TASK DATA.
----

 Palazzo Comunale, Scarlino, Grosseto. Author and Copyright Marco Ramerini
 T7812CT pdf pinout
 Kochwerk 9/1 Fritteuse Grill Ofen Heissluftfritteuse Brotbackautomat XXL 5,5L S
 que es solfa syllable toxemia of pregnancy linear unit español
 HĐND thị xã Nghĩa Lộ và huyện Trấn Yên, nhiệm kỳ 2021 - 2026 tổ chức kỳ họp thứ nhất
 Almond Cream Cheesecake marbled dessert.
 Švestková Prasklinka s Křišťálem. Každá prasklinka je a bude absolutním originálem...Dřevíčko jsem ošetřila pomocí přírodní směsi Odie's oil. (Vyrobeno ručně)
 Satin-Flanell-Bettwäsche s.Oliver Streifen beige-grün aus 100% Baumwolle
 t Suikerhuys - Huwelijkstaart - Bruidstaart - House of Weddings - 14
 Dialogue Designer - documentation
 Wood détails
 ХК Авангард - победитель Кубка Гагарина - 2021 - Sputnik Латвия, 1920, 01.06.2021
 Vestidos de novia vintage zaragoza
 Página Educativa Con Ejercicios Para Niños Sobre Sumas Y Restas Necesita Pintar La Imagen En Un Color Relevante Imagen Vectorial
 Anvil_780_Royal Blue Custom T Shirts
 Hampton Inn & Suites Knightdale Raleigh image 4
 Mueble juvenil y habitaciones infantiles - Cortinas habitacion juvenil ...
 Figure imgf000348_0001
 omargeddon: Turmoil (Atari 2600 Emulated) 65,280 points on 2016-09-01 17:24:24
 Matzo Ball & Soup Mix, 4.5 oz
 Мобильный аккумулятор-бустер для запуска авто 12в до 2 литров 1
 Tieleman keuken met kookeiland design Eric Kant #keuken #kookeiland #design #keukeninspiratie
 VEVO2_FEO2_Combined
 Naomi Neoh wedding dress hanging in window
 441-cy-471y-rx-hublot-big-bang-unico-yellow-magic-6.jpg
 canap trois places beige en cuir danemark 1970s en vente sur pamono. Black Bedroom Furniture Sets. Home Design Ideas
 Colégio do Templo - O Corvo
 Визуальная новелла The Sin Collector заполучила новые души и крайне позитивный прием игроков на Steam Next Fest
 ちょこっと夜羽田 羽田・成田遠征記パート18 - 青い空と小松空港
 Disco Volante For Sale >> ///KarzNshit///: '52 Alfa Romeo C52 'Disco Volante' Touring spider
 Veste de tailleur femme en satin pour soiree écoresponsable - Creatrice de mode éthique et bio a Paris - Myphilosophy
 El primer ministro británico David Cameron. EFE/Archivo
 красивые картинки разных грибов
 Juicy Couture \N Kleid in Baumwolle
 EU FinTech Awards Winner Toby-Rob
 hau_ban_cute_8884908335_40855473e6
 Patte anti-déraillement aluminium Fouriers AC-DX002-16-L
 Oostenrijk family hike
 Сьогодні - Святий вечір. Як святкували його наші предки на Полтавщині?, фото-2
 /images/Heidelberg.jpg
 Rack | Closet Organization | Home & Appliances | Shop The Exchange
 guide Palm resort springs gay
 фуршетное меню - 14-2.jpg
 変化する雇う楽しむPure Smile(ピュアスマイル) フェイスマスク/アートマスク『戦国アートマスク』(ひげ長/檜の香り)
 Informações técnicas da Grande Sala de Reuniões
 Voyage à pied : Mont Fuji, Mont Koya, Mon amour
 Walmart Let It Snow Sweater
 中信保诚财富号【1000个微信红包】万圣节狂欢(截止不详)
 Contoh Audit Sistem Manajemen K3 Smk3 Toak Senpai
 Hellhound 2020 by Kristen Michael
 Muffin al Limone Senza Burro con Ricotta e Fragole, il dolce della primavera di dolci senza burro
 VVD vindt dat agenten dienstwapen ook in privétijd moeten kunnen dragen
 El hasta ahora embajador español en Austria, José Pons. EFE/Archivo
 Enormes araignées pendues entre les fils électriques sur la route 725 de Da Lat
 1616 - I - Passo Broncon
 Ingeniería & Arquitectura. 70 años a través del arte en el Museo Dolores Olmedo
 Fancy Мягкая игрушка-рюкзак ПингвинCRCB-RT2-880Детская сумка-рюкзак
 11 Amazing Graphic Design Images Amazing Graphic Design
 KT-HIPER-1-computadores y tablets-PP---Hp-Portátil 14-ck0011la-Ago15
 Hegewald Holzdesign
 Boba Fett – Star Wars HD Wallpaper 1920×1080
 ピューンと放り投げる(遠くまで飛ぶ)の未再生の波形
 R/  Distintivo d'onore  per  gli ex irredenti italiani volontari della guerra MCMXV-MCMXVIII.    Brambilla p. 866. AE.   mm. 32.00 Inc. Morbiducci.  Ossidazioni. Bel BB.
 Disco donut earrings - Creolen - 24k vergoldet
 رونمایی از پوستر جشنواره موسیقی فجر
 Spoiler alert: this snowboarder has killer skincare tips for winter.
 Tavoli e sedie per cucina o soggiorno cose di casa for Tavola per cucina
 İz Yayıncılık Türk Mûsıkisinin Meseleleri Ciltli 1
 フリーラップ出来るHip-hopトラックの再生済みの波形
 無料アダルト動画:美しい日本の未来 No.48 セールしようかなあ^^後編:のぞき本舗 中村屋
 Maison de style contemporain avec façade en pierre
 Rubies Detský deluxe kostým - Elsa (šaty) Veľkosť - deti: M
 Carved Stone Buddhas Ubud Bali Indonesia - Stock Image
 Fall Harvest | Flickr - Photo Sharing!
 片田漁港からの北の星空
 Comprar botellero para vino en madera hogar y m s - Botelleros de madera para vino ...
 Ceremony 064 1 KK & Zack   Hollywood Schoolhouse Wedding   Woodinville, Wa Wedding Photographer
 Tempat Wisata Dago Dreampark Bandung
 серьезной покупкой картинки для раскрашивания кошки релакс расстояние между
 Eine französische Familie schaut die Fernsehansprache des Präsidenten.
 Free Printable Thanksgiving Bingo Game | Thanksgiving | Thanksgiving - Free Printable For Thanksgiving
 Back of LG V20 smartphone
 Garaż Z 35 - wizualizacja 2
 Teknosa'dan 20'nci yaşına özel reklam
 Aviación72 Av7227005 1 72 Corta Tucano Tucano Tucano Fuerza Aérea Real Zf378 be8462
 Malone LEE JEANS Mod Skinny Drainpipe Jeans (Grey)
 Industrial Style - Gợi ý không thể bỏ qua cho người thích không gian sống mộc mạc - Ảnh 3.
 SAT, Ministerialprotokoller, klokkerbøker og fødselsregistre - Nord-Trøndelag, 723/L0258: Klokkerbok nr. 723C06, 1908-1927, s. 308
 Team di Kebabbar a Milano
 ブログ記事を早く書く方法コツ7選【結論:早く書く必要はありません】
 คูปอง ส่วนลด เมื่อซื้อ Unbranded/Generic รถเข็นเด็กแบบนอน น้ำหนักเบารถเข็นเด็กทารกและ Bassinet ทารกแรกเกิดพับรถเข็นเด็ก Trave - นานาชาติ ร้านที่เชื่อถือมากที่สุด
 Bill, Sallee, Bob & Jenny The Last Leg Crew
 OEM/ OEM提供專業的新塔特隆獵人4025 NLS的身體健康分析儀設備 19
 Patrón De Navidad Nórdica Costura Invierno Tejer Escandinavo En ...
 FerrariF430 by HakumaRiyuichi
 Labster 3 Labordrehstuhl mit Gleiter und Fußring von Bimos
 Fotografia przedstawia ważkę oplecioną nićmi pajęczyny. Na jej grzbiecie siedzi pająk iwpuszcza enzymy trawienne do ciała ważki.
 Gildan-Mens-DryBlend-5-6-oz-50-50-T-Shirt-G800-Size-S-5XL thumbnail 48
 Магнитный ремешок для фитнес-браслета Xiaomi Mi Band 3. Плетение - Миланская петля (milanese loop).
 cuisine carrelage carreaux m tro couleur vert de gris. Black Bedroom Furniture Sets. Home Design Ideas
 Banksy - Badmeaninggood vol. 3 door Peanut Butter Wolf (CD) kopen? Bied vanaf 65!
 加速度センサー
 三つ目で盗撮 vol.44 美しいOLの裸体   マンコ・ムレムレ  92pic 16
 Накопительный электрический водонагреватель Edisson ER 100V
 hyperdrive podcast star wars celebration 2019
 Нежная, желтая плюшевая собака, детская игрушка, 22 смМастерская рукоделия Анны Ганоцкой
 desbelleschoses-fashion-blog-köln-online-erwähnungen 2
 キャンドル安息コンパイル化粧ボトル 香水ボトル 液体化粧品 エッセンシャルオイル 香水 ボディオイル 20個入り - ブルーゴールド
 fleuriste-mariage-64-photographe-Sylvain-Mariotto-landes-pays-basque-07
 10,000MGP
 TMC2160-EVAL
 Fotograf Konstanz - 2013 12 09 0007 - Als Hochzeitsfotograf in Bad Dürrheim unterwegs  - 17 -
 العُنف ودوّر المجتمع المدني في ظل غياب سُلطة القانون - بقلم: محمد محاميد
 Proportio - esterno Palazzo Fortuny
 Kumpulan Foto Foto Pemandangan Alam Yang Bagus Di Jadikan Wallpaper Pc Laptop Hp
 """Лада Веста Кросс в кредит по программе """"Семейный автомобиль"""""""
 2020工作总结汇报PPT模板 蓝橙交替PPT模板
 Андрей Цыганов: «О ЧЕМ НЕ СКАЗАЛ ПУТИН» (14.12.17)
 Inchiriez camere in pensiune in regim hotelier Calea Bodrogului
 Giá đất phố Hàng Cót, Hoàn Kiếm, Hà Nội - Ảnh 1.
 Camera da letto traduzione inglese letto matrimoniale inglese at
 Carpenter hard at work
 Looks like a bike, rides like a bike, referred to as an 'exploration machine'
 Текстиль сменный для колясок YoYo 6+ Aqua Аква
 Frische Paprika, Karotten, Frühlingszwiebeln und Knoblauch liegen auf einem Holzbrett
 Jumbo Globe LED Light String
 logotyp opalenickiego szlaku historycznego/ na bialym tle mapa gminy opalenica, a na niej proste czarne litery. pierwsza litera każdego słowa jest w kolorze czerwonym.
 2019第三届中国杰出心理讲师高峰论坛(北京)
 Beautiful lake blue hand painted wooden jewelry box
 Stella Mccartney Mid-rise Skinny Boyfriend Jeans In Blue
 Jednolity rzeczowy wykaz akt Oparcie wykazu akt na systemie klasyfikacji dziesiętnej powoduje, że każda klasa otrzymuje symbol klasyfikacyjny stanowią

----

WHAT IS NEEDED. Start with the line above that contains "Matzo Ball & Soup Mix, 4.5 oz" and end with the line that contains "441-cy-471y-rx-hublot-big-bang-unico-yellow-magic-6.jpg". Write out those lines exactly, and only those.

EXERCISE RESPONSE.
 Matzo Ball & Soup Mix, 4.5 oz
 Мобильный аккумулятор-бустер для запуска авто 12в до 2 литров 1
 Tieleman keuken met kookeiland design Eric Kant #keuken #kookeiland #design #keukeninspiratie
 VEVO2_FEO2_Combined
 Naomi Neoh wedding dress hanging in window
 441-cy-471y-rx-hublot-big-bang-unico-yellow-magic-6.jpg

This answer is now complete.